This includes demanding detailed emissions data and climate 
risk management strategies even when that information is not 
material to the company's business or their inner workings. The 
SEC is not a climate regulator, nor has Congress authorized it 
to mandate environmental policy via the disclosure regime. In 
fact, Republicans have consistently voiced concerns with a 
multitude of existing disclosures imposed by the SEC, and 
emphasized the need for simplification rather than added 
complexity.
    Finally, many on the left have raised concerns that we are 
not keeping up with our European counterparts in addressing 
environmental and social issues. They argue we should mirror 
the European approach rather than protecting our interests from 
the extraterritorial reach of foreign regulators. We won't 
allow European bureaucrats to dictate these priorities because 
they have been unable to legislate them here in the United 
States on the wider economy and the wider populace. What this 
really comes down to is international competition. We will not 
be able to maintain our standing as the world's most-envied 
capital markets by taking misguided cues from other countries.
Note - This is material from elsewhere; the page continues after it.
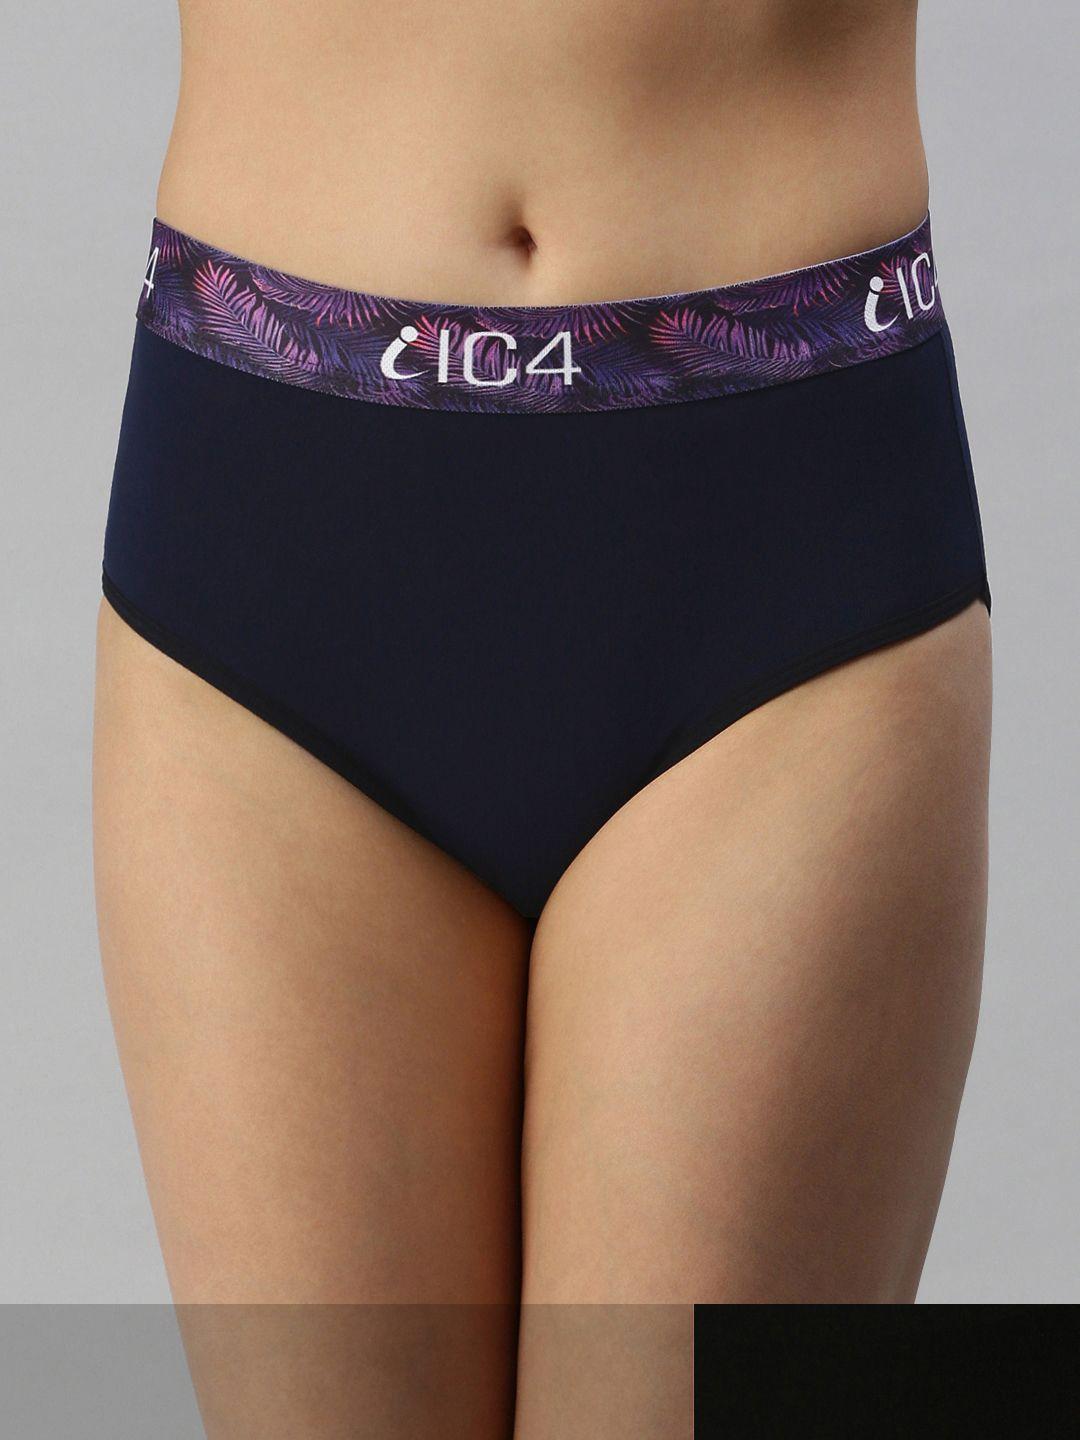 ic4 women navy blue & black solid pack of 2 hipster briefs- 0b-n-1011p2

    The legislative proposals before us today aim to tackle 
these issues head on. It is time to get politics out of 
corporate boardrooms and discourage financial regulation from 
being weaponized to drive far-left environmental and social 
policy. By doing so, we can ensure that our markets remain 
competitive and enable American companies and workers to 
thrive.
    I yield back, and the Chair now recognizes the ranking 
member of the committee, the gentlewoman from California, Ms. 
Waters, for 4 minutes for an opening statement.
    Ms. Waters. Thank you very much, Mr. Chairman. Good 
morning.
    Today's hearing marks the beginning of a month-long 
Republican offensive to feed the daily outrage machine of Fox 
News and its extreme MAGA Republican allies. This House-wide 
effort is meant to divide Americans by ripping freedoms, 
rights, and opportunities away from women, people of color, and 
members of the LGBTQ community. That is the true meaning of the 
term, ``anti-woke,'' and that is what today's hearing is really 
about. But none of this should come as a surprise to those of 
us who follow the work of this committee.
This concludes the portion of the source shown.